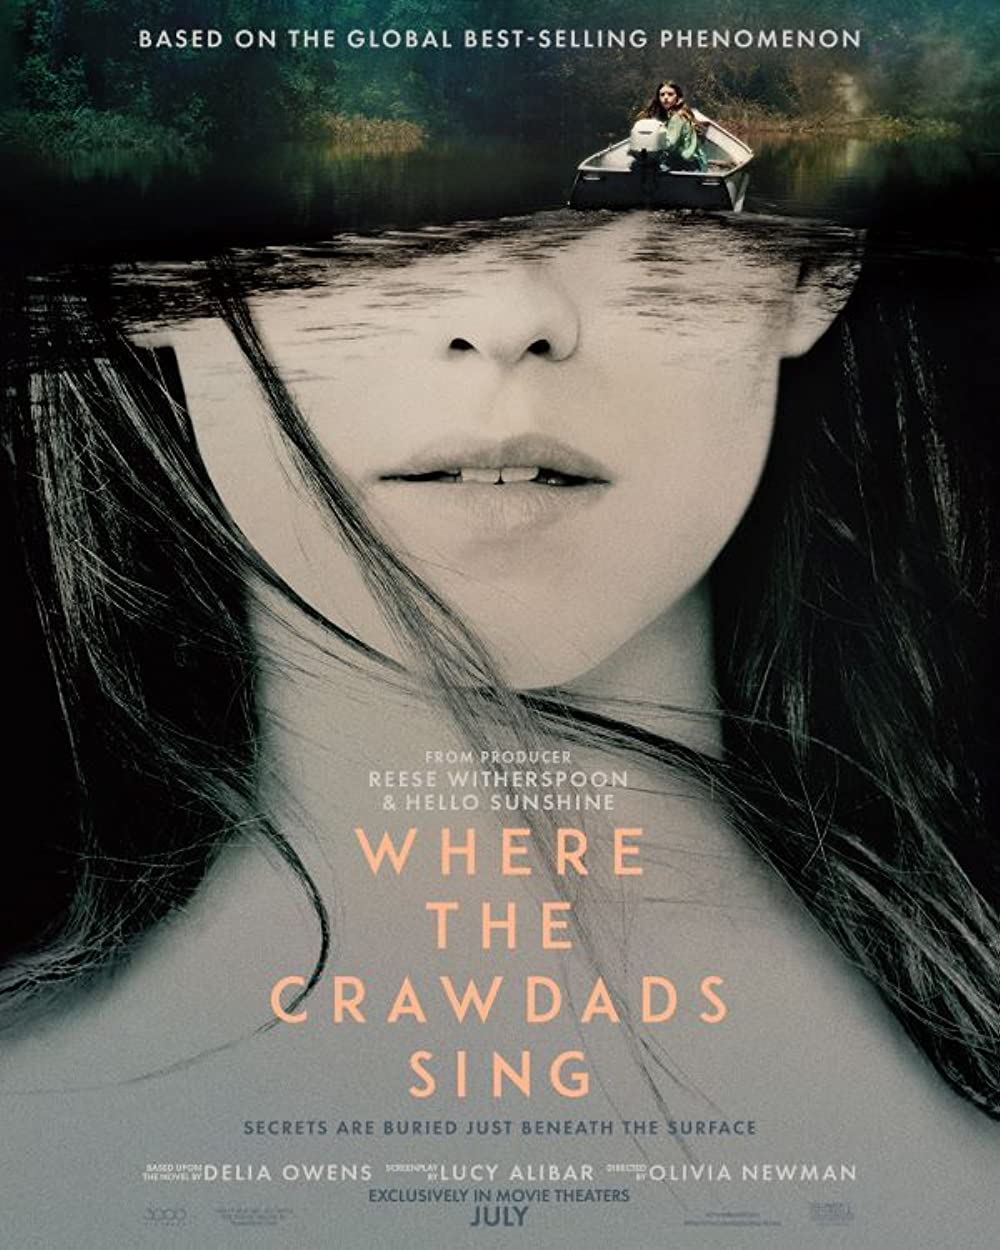 Cover Art for "Where the Crawdads Sing"
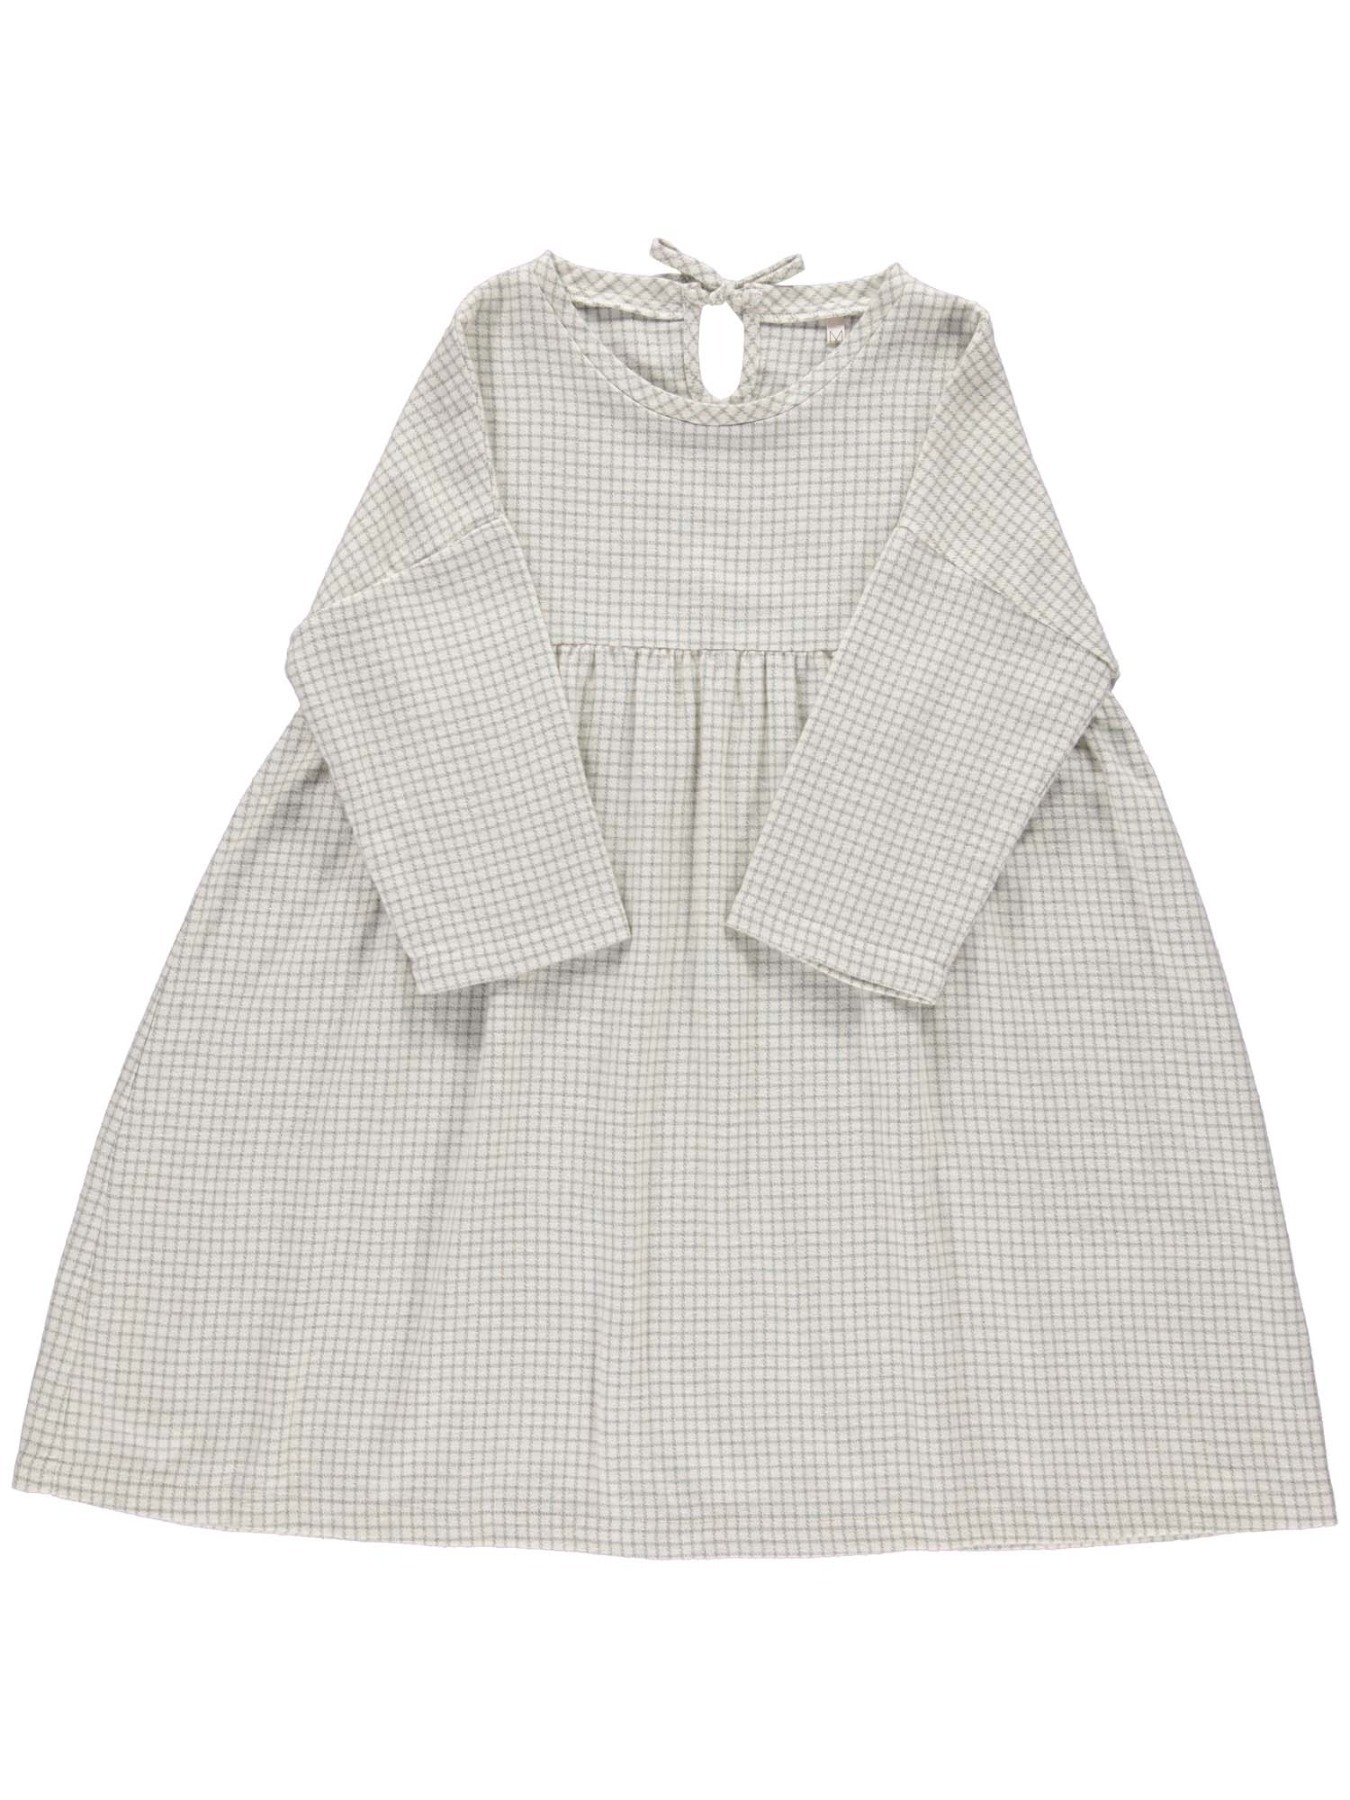 Monkind - Silver Checked Oversized Dress - KIDS 6
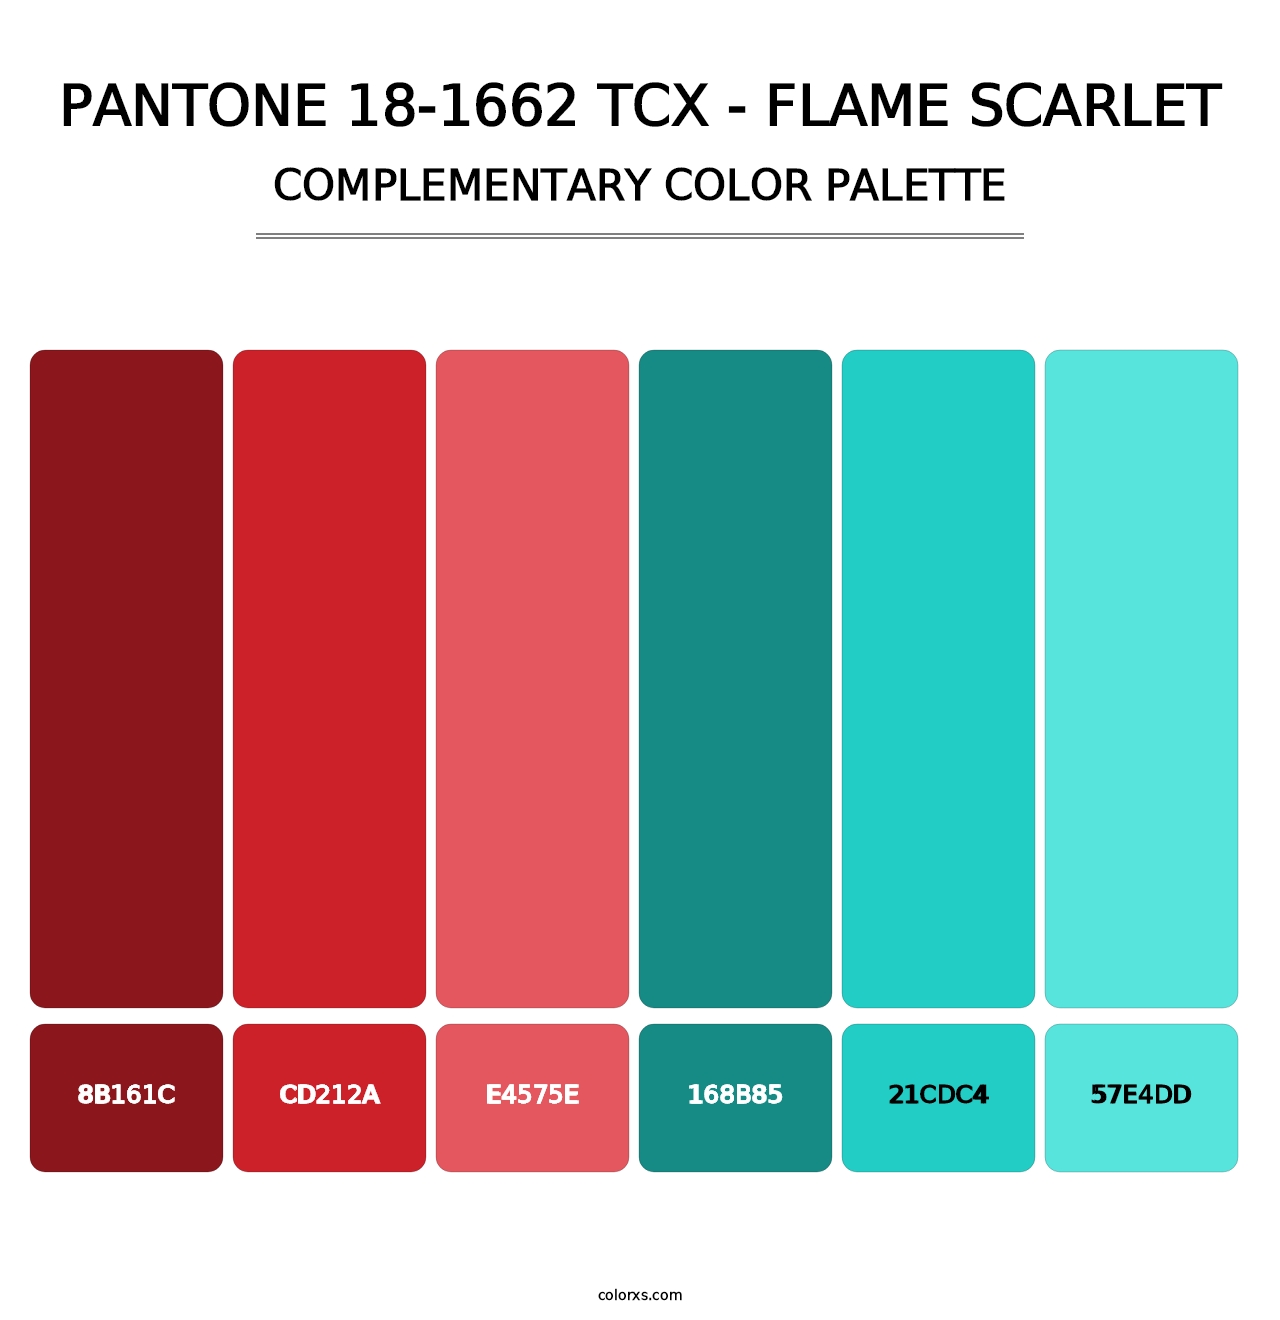 PANTONE 18-1662 TCX - Flame Scarlet - Complementary Color Palette
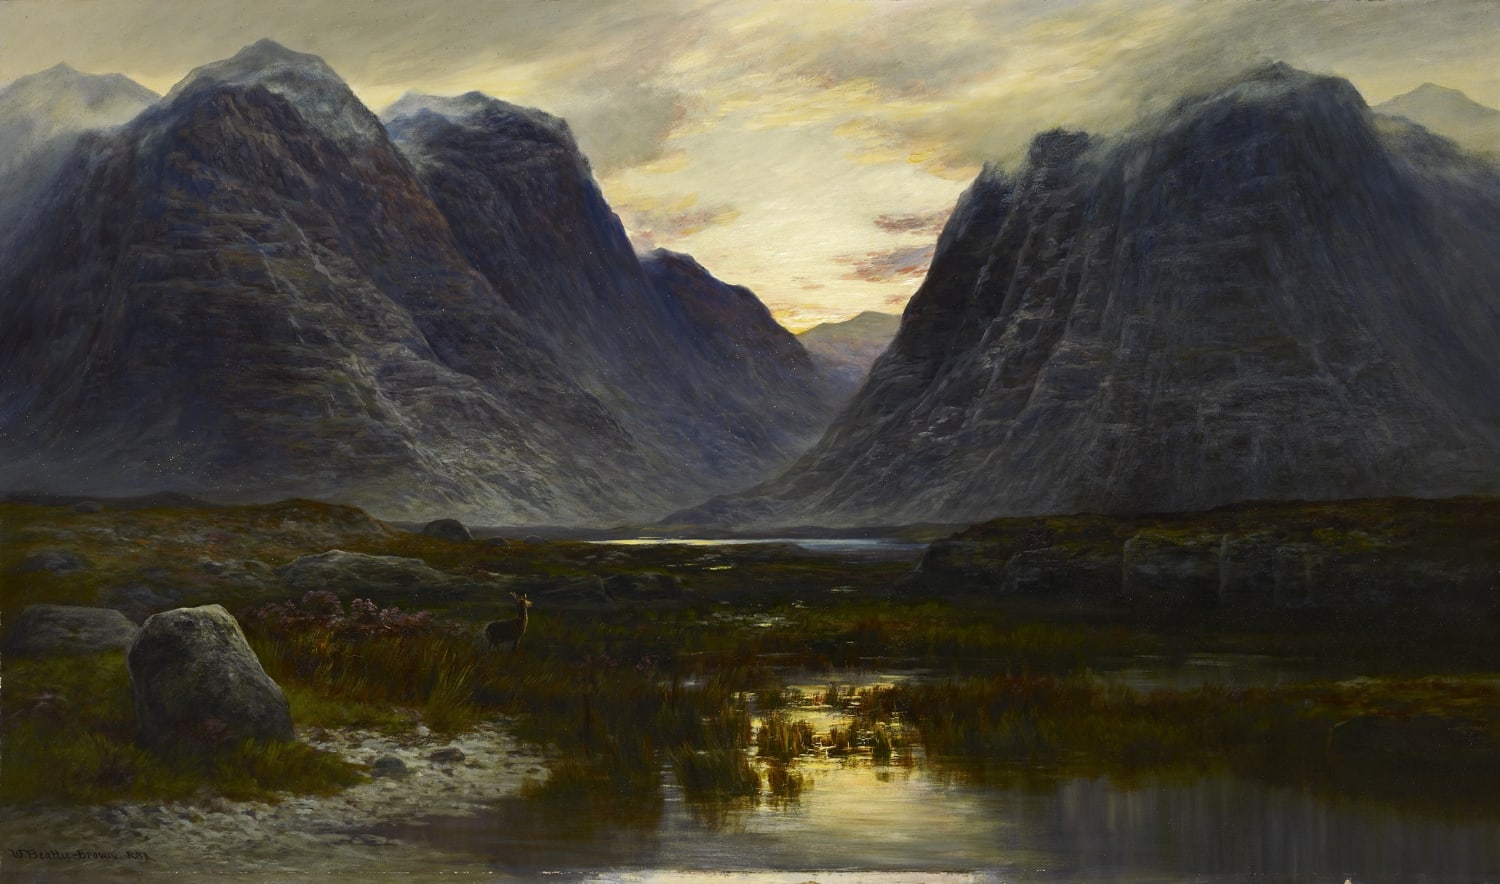 William Beattie Brown RSA (1831-1909), Coire-na-Faireamh in Applecross Deer Forest Ross-shire  Oil on cavnvas, around 1883-84, 67.8 x 114.6cm  RSA Diploma Collection (Deposited, 1884) 2000.011

→ **PROMPT**: Set the entire listing down again, exact in every line, without any pictures.

→ **SOLUTION**:
 Cover Art for "Where the Crawdads Sing"
 Monkind - Silver Checked Oversized Dress - KIDS 6
 PANTONE 18-1662 TCX - Flame Scarlet - Complementary Color Palette
 William Beattie Brown RSA (1831-1909), Coire-na-Faireamh in Applecross Deer Forest Ross-shire  Oil on cavnvas, around 1883-84, 67.8 x 114.6cm  RSA Diploma Collection (Deposited, 1884) 2000.011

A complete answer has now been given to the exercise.